Anna Crenshaw rejects Hillsong’s offer after megachurch allegedly asked her to sign NDA, lie
A legal agreement that was being brokered between Hillsong Church Australia and former member and ex-Hillsong College student Anna Crenshaw to settle a lawsuit over the harm she suffered from being indecently assaulted by a married church administrator in 2016 fell through Thursday. Crenshaw alleges that Hillsong asked her to lie and sign a non-disclosure agreement.
“We were unable to come to a settlement today because Hillsong changed their plan in a ploy to intimidate and silence me. And I will not give up my voice. This has never been about money for me but about justice and accountability, which we’ve not received this week,” Crenshaw told reporters outside an Australian court Thursday.
On Monday, just over three years after she went public about being indecently assaulted by married Hillsong Church administrator Jason Mays, Crenshaw's attorney announced they had reached an undisclosed settlement agreement with the megachurch for the harm she suffered as a result of the assault.
The settlement was expected to head off a five-day trail which is now back in play. Crenshaw, who is the daughter of Victory Church Senior Pastor Ed Crenshaw in Pennsylvania, said she was disheartened when the church asked her to sign an NDA as part of the settlement and also asked that she release a joint statement saying the church had immediately reported her assault to local police when she came forward, even though it took the church five months.
“There is so much shame that comes with these types of abuses and victims shouldn’t feel shame. I worked so hard in finding my voice in coming forward from my initial report to Hillsong and they have from day one tried to silence me,” Crenshaw said. “That is not what I was seeking in the justice process. It wasn’t to come here, get their money, and walk away without my voice,” Crenshaw said. “It was to get some accountability and a real sense of justice and hope that they would really change in moving forward. I think this is just evidence that despite their new leadership, they have the same tactics.”
Crenshaw was just 18 in 2016 when she says Mays, who was then serving as a Hillsong staff administrator and volunteer singer, sexually assaulted her at a social gathering in Australia. Crenshaw and her father said it took a serious fight from them to hold Mays accountable. He eventually pleaded guilty to indecent assault.
“Jason grabbed me, putting his hand between my legs and his head on my stomach and began kissing my stomach. I felt his arms and hands wrapped around my legs making contact with my inner thigh, butt, and crotch,” she wrote in a 2018 statement reviewed by The Christian Post.
She said she told Margaret Aghajanian, then-head of Hillsong Church's pastoral care oversight, that Mays — the son of John Mays, the church’s then-head of human resources — had assaulted her, but her complaint was minimized.

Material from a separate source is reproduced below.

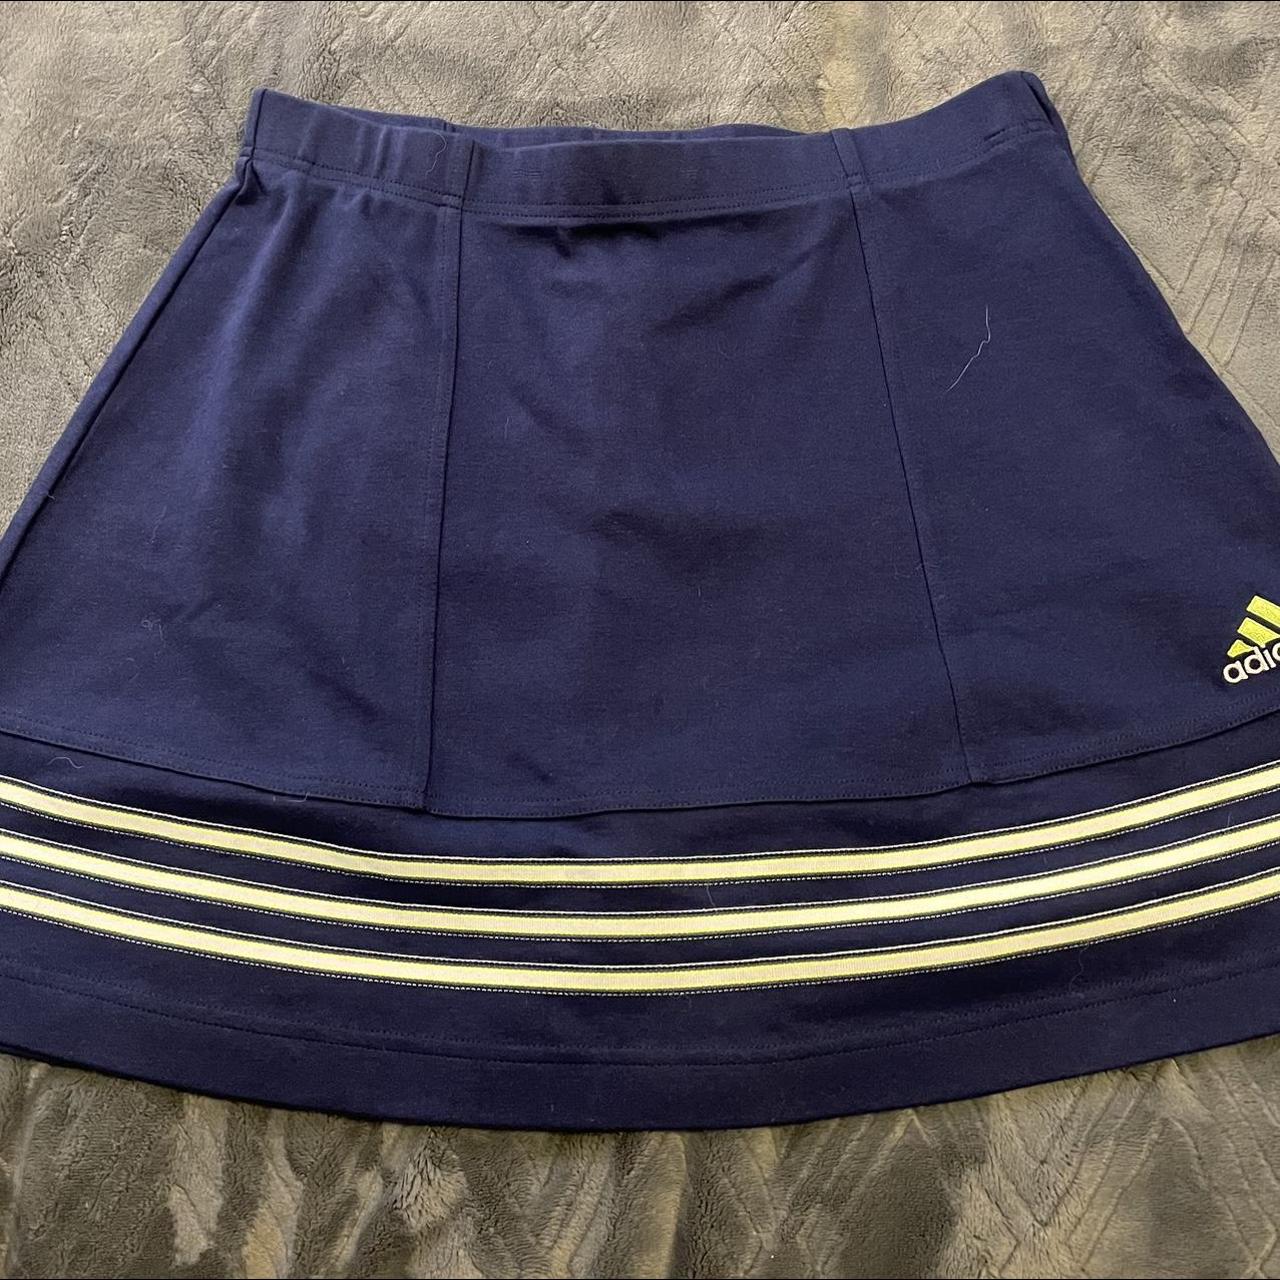 Mini tennis skirt with adidas stripes, and a green +... - Depop

“I felt like I could not say anything about the Jason incident because his friend had said not to, insisting that he was a good guy, and this was not a normal behavior for him. After the incident until now I feel uncomfortable when I come into the same area as him,” Crenshaw said in her statement to Aghajanian.
If she didn’t have a strong support network, Crenshaw told CP she wouldn't have been able to get Mays to plead guilty to “assault with an act of indecency” in 2019.